=== Aim of the exercise ===
Please print only the top portion of the entries below, ending with the line that contains "Rare bracelet ancien", exactly as written.

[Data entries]
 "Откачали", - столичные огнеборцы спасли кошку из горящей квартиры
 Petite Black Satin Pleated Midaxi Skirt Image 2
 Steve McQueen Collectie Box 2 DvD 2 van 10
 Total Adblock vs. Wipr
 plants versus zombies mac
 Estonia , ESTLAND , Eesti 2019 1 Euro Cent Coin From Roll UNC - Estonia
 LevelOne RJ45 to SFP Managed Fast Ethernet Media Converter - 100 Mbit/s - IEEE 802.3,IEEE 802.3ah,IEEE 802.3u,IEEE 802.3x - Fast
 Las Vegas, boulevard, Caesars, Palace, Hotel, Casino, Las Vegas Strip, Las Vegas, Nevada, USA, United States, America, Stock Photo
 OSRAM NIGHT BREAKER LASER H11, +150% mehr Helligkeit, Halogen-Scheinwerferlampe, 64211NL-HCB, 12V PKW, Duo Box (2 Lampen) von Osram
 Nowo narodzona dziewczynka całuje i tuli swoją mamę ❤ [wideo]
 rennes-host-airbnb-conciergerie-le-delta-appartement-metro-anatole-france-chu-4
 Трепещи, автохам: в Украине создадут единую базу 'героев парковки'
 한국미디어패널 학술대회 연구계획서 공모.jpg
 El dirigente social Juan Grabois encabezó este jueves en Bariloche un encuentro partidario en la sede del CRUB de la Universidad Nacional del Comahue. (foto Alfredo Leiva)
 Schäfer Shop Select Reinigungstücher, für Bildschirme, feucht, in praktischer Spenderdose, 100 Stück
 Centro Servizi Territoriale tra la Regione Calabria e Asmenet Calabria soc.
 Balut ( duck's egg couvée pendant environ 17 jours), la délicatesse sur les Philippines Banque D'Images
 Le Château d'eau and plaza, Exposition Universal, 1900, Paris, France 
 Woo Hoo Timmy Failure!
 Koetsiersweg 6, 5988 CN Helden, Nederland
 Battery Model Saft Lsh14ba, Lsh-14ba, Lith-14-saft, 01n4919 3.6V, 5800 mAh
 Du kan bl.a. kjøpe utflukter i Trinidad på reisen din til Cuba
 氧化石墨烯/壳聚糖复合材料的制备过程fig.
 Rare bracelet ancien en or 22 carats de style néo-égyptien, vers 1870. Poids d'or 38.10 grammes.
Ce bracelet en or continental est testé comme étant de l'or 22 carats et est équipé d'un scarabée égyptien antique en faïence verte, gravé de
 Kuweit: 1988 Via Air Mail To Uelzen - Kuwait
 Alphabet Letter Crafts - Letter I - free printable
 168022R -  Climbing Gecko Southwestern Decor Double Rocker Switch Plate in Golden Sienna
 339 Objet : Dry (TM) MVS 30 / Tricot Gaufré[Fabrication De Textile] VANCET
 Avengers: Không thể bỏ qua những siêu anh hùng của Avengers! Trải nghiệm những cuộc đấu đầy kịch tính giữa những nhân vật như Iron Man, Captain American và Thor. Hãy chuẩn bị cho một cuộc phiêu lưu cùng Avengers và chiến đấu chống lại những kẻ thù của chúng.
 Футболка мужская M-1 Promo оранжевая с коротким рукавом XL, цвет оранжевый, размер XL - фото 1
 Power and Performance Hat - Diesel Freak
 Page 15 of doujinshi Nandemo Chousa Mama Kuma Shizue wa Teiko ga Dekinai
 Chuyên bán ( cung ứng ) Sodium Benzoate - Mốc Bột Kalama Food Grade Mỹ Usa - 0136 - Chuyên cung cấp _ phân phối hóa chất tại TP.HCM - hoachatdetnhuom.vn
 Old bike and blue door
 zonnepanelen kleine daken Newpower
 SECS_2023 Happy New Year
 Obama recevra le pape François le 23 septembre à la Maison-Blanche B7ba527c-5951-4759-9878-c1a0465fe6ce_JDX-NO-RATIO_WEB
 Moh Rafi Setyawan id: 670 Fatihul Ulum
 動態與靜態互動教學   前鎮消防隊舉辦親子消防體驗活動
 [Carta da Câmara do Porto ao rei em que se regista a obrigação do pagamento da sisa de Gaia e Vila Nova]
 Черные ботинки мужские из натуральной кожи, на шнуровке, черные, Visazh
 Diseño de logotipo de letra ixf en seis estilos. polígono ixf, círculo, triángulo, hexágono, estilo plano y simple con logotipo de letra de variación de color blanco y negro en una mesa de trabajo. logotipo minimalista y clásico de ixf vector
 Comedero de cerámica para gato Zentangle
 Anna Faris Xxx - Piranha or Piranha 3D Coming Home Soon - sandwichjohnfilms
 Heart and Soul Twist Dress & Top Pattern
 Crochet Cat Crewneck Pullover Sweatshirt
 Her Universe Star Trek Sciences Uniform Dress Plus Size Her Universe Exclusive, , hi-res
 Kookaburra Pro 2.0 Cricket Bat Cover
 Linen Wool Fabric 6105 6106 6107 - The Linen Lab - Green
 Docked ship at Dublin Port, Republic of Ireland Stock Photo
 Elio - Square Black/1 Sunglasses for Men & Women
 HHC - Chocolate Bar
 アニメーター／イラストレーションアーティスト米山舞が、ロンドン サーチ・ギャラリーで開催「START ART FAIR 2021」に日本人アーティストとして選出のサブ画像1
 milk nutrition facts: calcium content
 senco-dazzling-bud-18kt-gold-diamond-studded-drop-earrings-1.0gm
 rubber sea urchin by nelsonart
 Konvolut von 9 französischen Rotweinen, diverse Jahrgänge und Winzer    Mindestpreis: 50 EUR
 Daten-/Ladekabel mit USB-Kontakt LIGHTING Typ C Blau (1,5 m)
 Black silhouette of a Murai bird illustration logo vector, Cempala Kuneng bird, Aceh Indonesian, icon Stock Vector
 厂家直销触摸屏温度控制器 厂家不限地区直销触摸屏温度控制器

=== Task answer ===
 "Откачали", - столичные огнеборцы спасли кошку из горящей квартиры
 Petite Black Satin Pleated Midaxi Skirt Image 2
 Steve McQueen Collectie Box 2 DvD 2 van 10
 Total Adblock vs. Wipr
 plants versus zombies mac
 Estonia , ESTLAND , Eesti 2019 1 Euro Cent Coin From Roll UNC - Estonia
 LevelOne RJ45 to SFP Managed Fast Ethernet Media Converter - 100 Mbit/s - IEEE 802.3,IEEE 802.3ah,IEEE 802.3u,IEEE 802.3x - Fast
 Las Vegas, boulevard, Caesars, Palace, Hotel, Casino, Las Vegas Strip, Las Vegas, Nevada, USA, United States, America, Stock Photo
 OSRAM NIGHT BREAKER LASER H11, +150% mehr Helligkeit, Halogen-Scheinwerferlampe, 64211NL-HCB, 12V PKW, Duo Box (2 Lampen) von Osram
 Nowo narodzona dziewczynka całuje i tuli swoją mamę ❤ [wideo]
 rennes-host-airbnb-conciergerie-le-delta-appartement-metro-anatole-france-chu-4
 Трепещи, автохам: в Украине создадут единую базу 'героев парковки'
 한국미디어패널 학술대회 연구계획서 공모.jpg
 El dirigente social Juan Grabois encabezó este jueves en Bariloche un encuentro partidario en la sede del CRUB de la Universidad Nacional del Comahue. (foto Alfredo Leiva)
 Schäfer Shop Select Reinigungstücher, für Bildschirme, feucht, in praktischer Spenderdose, 100 Stück
 Centro Servizi Territoriale tra la Regione Calabria e Asmenet Calabria soc.
 Balut ( duck's egg couvée pendant environ 17 jours), la délicatesse sur les Philippines Banque D'Images
 Le Château d'eau and plaza, Exposition Universal, 1900, Paris, France 
 Woo Hoo Timmy Failure!
 Koetsiersweg 6, 5988 CN Helden, Nederland
 Battery Model Saft Lsh14ba, Lsh-14ba, Lith-14-saft, 01n4919 3.6V, 5800 mAh
 Du kan bl.a. kjøpe utflukter i Trinidad på reisen din til Cuba
 氧化石墨烯/壳聚糖复合材料的制备过程fig.
 Rare bracelet ancien en or 22 carats de style néo-égyptien, vers 1870. Poids d'or 38.10 grammes.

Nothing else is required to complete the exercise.